Protection from whom?
Basically, personal data is collected and processed by (i) state actors, ie central and state governments and their instrumentalities; (ii) non-state actors, ie private organisations providing services, social media intermediaries, e-commerce entities, big tech companies and employers; and (iii) other citizens.
The central and state governments are one of the largest data fiduciaries (who collect, hold and process data) in a wide array of state activities such as national security, welfare administration, subsidies, provision of municipal services and employment benefits etc. Similarly, in the age of big data, non-state data fiduciaries such as social media intermediaries like Facebook, Twitter, YouTube and giant e-commerce platforms also collect large amounts of personal data on a day-to-day basis. Citizens have also greater access to personal data of fellow citizens through the internet.
It’s well-known that the maximum number of cases filed in the SC or high courts for infringement of citizens’ fundamental rights is against the state. It’s only recently that citizens have run to courts to enforce their privacy rights against big tech companies, e-commerce platforms and retail marketing corporations. Hence, it’s quite likely that even in case of the proposed new data law, it’s the state against which citizens would approach the courts for enforcement of his/ her fundamental right of informational privacy.
Traditionally, fundamental rights adjudication has been the domain of constitutional courts. Now, with the proposed bill, a significant part of this judicial function, ie regulation of informational privacy of citizens, is proposed to be transferred to a Data Protection Authority (DPA). In the Puttaswamy case, the SC instructed the government to pass a law which would regulate informational privacy not only from non-state actors but also from the state parties and other individuals.

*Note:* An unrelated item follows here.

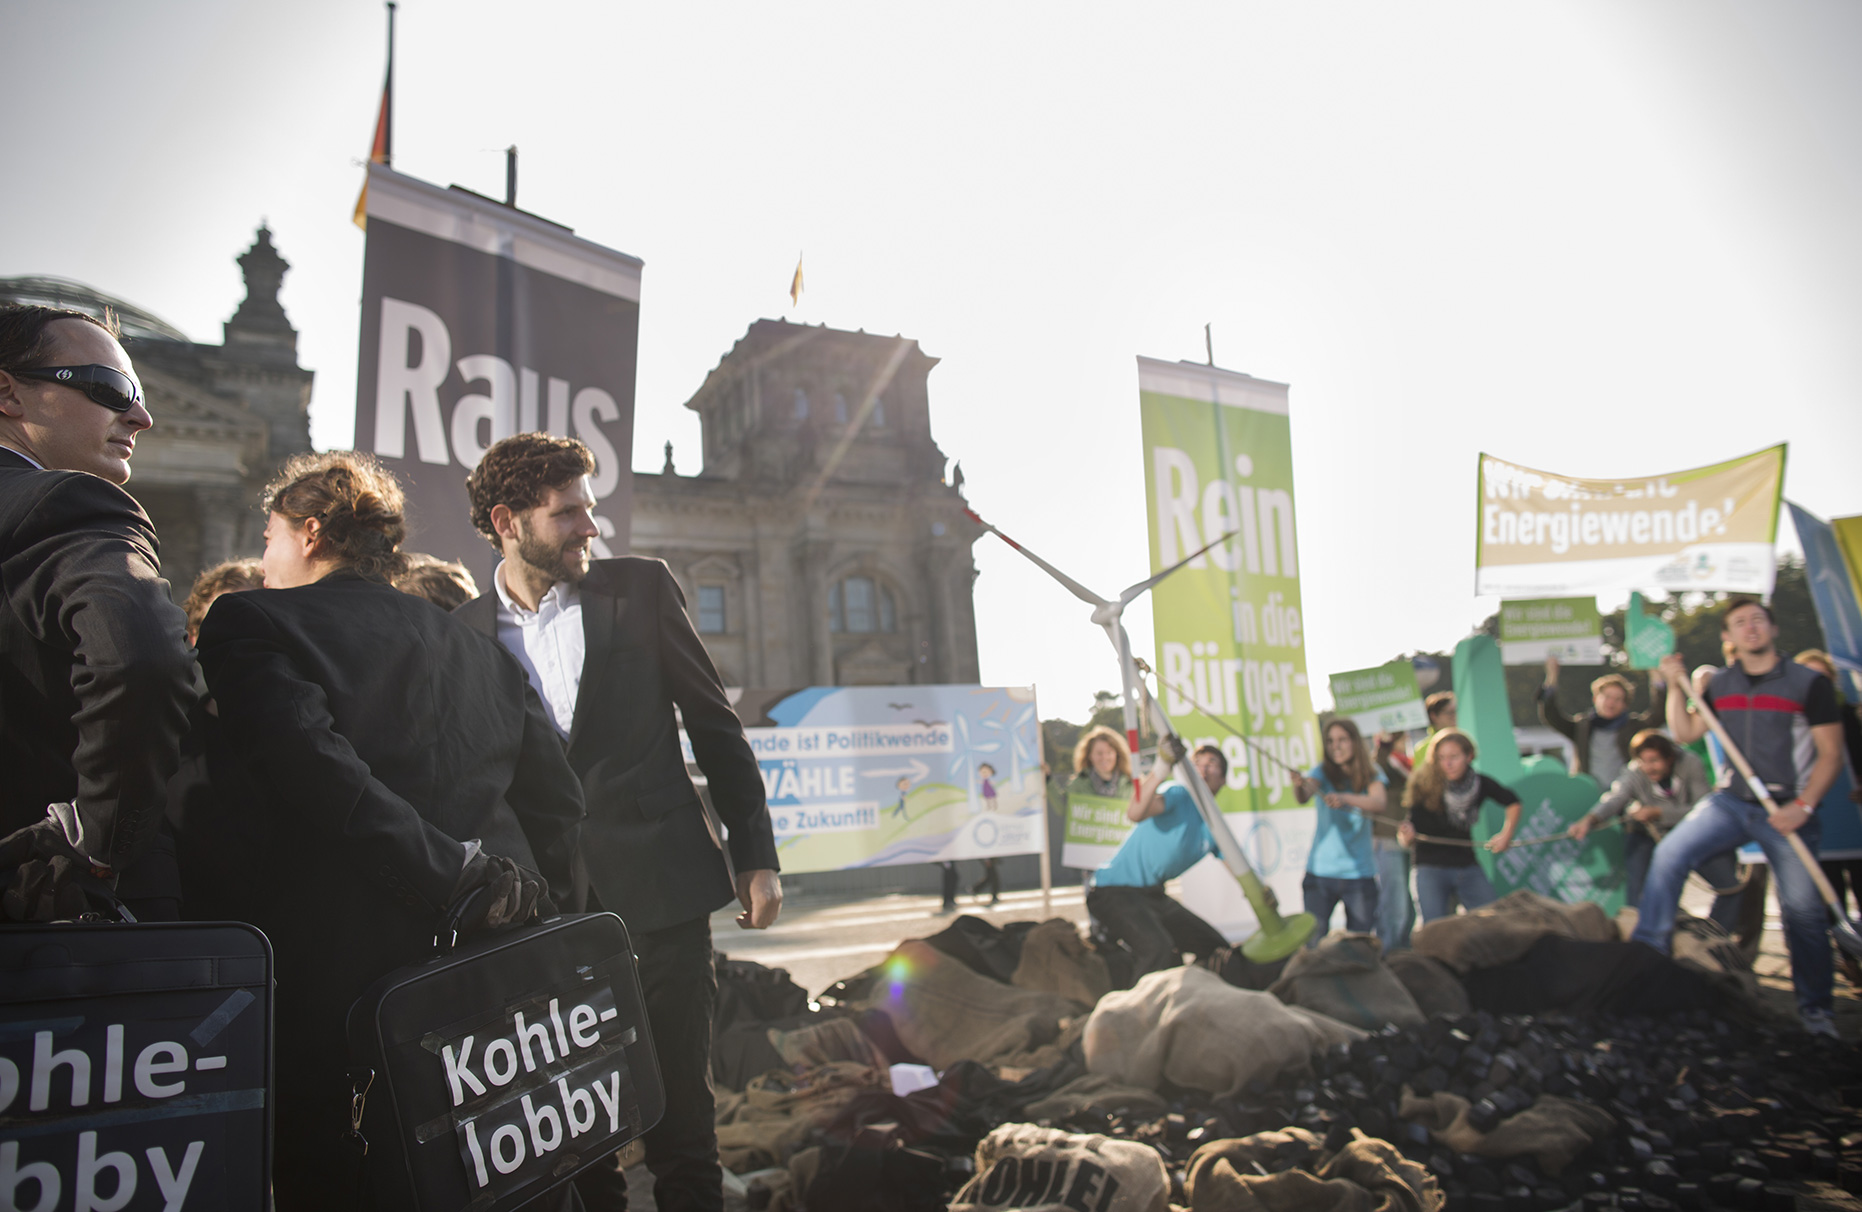 © Dirk Mathesius, Avaaz.org politican performance at Reichstag, Berlin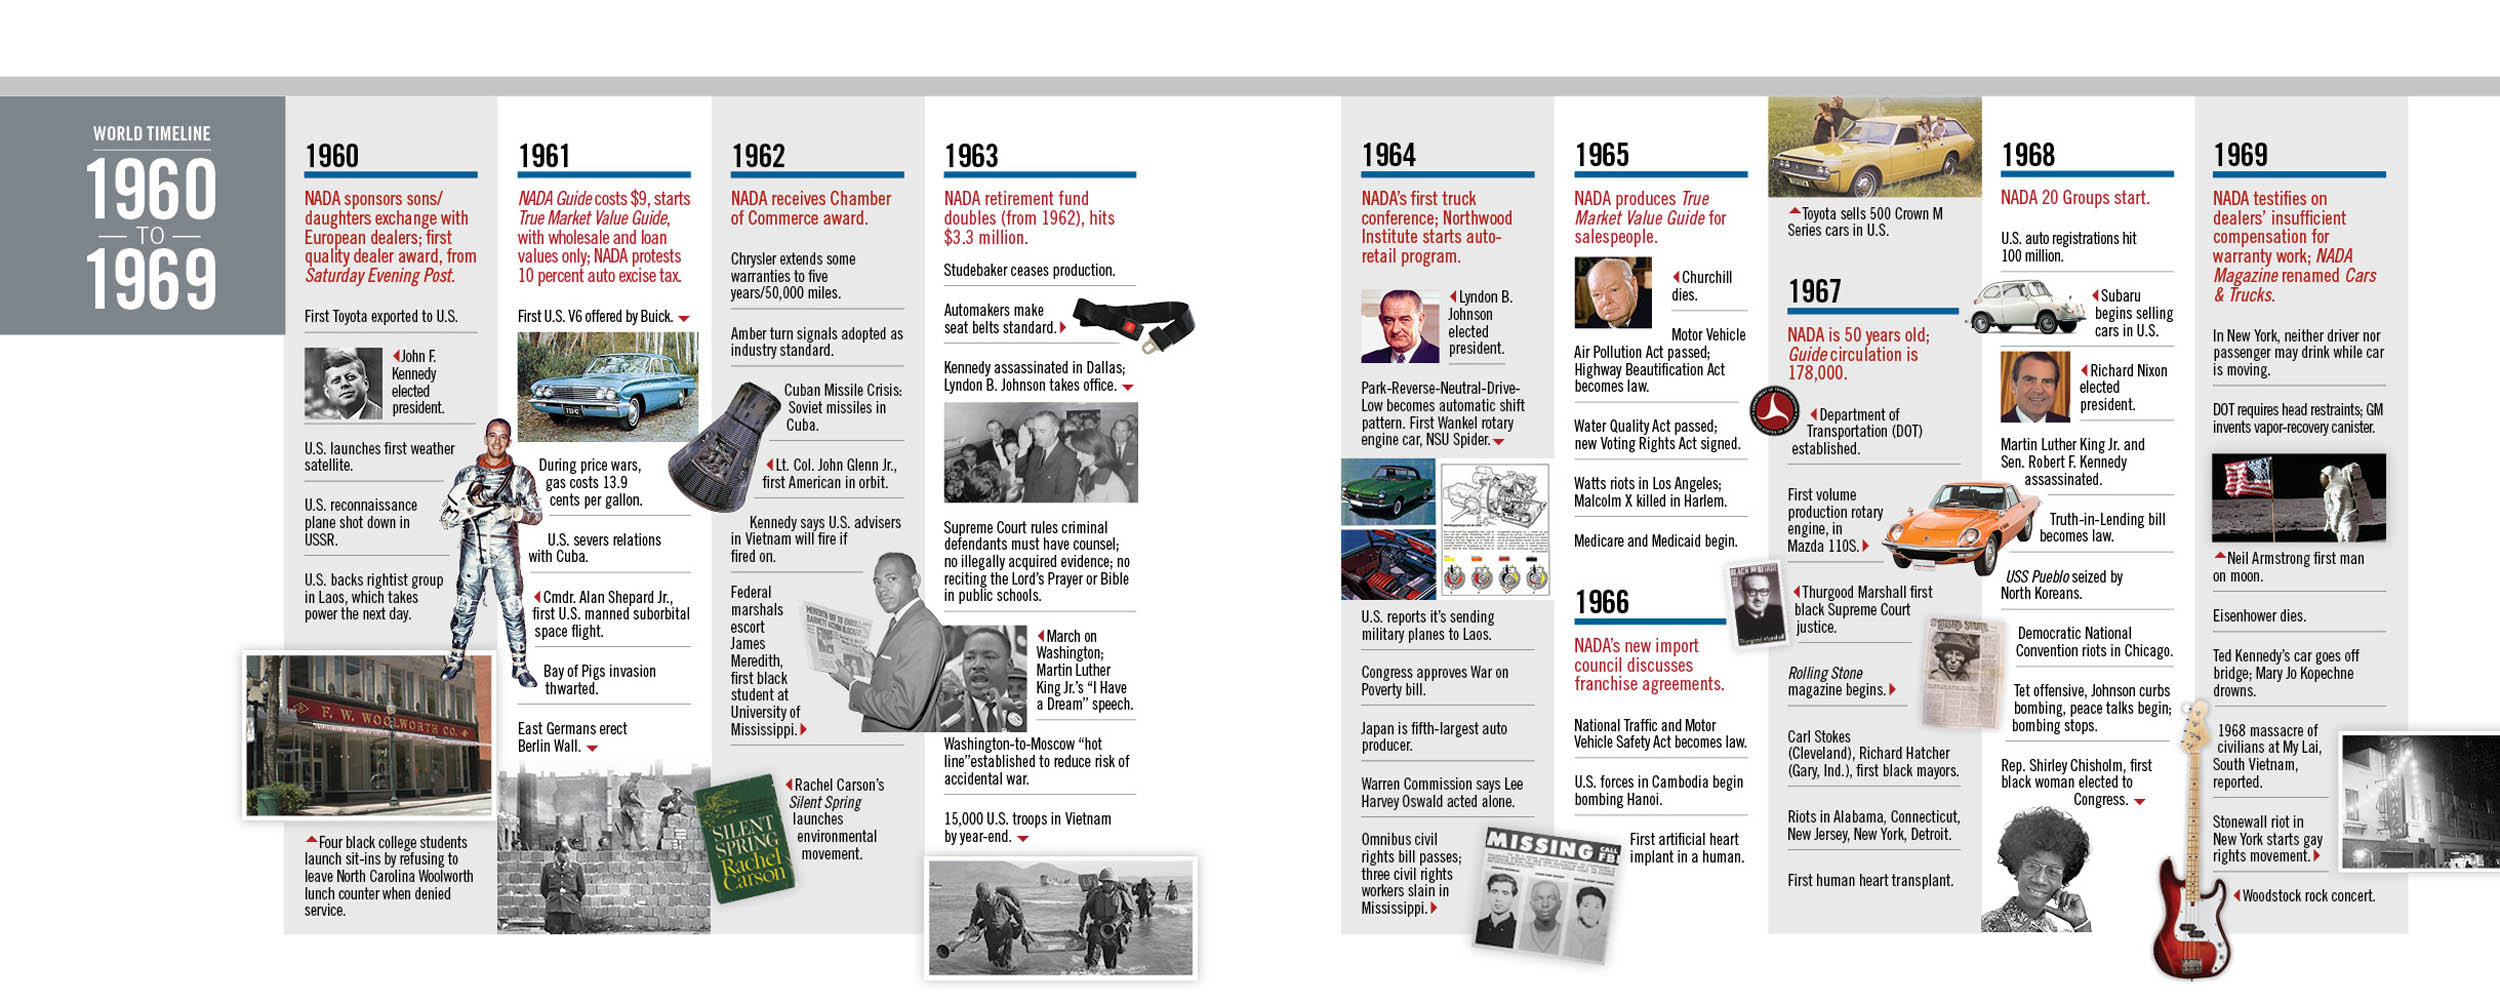 NADA Story Timeline 1960-1969

Maintaining a balance between informational privacy and the development of a strong digital economy is a truly challenging task, requiring a qualified and neutral body at the helm. A core judicial task with the DPA would be to penalise governments and even suspend their operations when they fail to protect an individual’s personal data.
In light of the critical adjudicatory role of the DPA to regulate not only private parties but also the central government itself, there’s a necessity to set up a DPA independent of the central government which can implement the Personal Data Protection Bill in an unbiased manner. It cannot appear to be under the direct command and control of the central government.
The current design of the Bill gives a wide range of powers to the central government, as if it’s the central government’s responsibility alone to safeguard the informational privacy rights of citizens. For instance, the members of the DPA are appointed by a committee comprising officers of the central government instead of a judicial or bipartisan parliamentary body or panel. The design of the Bill effectively leads to central government regulating itself.
This design will also adversely affect the federal structure of the Constitution. For instance, a complaint filed against the Chief Minister’s Office for data breach will be decided by a body appointed by the central government as to whether such a breach took place or not and if held to be so, what would be the punishment or quantum of fine/ other penalty.
Similarly, the Bill empowers the central government to decide if an event or incident arising in a remote location in a state is an issue of ‘public order’ or not and therefore, requiring ‘exemptions’ from application of the various safeguard conditions. This cannot be allowed as it creates fertile grounds for data hegemony by the Centre and a massive concern for federalism.
Similar central overhang is seen in Sections 15, 33, 35, 44, 86 and 91 of the proposed Bill. Such powers should vest solely with an independent DPA which must be the primary rule making body under the Bill.
The DPA must therefore be established not as a regulatory body appointed by the central government but as a quasi-judicial independent body having judicial representation and should be subjected to only judicial oversight and monitoring and not executive supervision as envisaged in the current Bill.
Similarly, there’s an overarching need for a decentralised DPA structure with state bodies and bodies at the district level like the Consumer Protection regime and to a certain extent, the Right to Information regime. Mere copying and pasting the regime paradigms of the Competition Commission of India, or the TRAI or even the Income Tax and Central Excise or GST Appeal will not do. In fact, given the overarching and overwhelming role of the DPA as an umbrella regulator over the sectoral regulators, there is a greater need to make it not only independent and competent, but also efficient and effective.
It’s important that the government heeds to these recommendations seriously. India can unlock its true digital potential as a data market only with an independent DPA, and not by a regime that irreparably harms our constitutional values and citizens’ right to informational privacy.
(The writer is BJD MP (Rajya Sabha) and a former CAG civil servant.)